** Data shown follows **
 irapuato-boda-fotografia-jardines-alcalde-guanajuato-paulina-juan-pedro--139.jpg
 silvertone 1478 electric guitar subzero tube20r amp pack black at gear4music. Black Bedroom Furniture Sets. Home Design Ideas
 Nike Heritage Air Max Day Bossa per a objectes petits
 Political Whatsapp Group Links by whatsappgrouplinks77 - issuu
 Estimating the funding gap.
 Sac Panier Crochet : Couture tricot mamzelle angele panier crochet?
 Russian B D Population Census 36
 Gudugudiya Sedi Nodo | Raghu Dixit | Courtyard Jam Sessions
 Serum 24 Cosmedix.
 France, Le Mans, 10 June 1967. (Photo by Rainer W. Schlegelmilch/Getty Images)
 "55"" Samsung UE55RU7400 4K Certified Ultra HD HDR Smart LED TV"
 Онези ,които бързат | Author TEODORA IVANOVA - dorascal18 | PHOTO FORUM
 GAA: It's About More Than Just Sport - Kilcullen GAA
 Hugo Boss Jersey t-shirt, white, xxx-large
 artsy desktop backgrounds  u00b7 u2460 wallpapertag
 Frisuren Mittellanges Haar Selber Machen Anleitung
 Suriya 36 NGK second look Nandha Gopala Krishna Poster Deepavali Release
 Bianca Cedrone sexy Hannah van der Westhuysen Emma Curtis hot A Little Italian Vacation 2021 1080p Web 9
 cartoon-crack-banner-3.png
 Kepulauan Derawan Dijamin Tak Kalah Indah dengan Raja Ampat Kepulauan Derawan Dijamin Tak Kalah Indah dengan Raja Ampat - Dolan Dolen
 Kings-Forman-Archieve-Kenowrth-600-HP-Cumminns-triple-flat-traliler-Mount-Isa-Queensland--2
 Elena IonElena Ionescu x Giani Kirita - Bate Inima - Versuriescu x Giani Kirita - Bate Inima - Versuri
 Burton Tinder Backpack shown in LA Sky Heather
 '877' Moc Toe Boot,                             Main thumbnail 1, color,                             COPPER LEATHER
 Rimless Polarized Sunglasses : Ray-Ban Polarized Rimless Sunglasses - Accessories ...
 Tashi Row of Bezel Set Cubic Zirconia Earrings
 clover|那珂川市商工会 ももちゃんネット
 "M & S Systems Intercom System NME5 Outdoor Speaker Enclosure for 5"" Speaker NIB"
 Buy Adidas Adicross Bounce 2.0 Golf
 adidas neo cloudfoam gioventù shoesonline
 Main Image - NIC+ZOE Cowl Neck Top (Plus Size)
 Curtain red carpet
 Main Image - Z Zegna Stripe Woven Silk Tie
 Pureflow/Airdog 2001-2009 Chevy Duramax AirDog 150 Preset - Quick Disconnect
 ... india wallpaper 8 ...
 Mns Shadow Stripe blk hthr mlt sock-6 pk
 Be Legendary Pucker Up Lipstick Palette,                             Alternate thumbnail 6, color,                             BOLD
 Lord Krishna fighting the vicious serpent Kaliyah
** End of Data shown **
## Work instructions
Set down exactly, and only, the lines from the one containing "artsy desktop backgrounds" through the final line of the entries above.

## Your solution
 artsy desktop backgrounds  u00b7 u2460 wallpapertag
 Frisuren Mittellanges Haar Selber Machen Anleitung
 Suriya 36 NGK second look Nandha Gopala Krishna Poster Deepavali Release
 Bianca Cedrone sexy Hannah van der Westhuysen Emma Curtis hot A Little Italian Vacation 2021 1080p Web 9
 cartoon-crack-banner-3.png
 Kepulauan Derawan Dijamin Tak Kalah Indah dengan Raja Ampat Kepulauan Derawan Dijamin Tak Kalah Indah dengan Raja Ampat - Dolan Dolen
 Kings-Forman-Archieve-Kenowrth-600-HP-Cumminns-triple-flat-traliler-Mount-Isa-Queensland--2
 Elena IonElena Ionescu x Giani Kirita - Bate Inima - Versuriescu x Giani Kirita - Bate Inima - Versuri
 Burton Tinder Backpack shown in LA Sky Heather
 '877' Moc Toe Boot,                             Main thumbnail 1, color,                             COPPER LEATHER
 Rimless Polarized Sunglasses : Ray-Ban Polarized Rimless Sunglasses - Accessories ...
 Tashi Row of Bezel Set Cubic Zirconia Earrings
 clover|那珂川市商工会 ももちゃんネット
 "M & S Systems Intercom System NME5 Outdoor Speaker Enclosure for 5"" Speaker NIB"
 Buy Adidas Adicross Bounce 2.0 Golf
 adidas neo cloudfoam gioventù shoesonline
 Main Image - NIC+ZOE Cowl Neck Top (Plus Size)
 Curtain red carpet
 Main Image - Z Zegna Stripe Woven Silk Tie
 Pureflow/Airdog 2001-2009 Chevy Duramax AirDog 150 Preset - Quick Disconnect
 ... india wallpaper 8 ...
 Mns Shadow Stripe blk hthr mlt sock-6 pk
 Be Legendary Pucker Up Lipstick Palette,                             Alternate thumbnail 6, color,                             BOLD
 Lord Krishna fighting the vicious serpent Kaliyah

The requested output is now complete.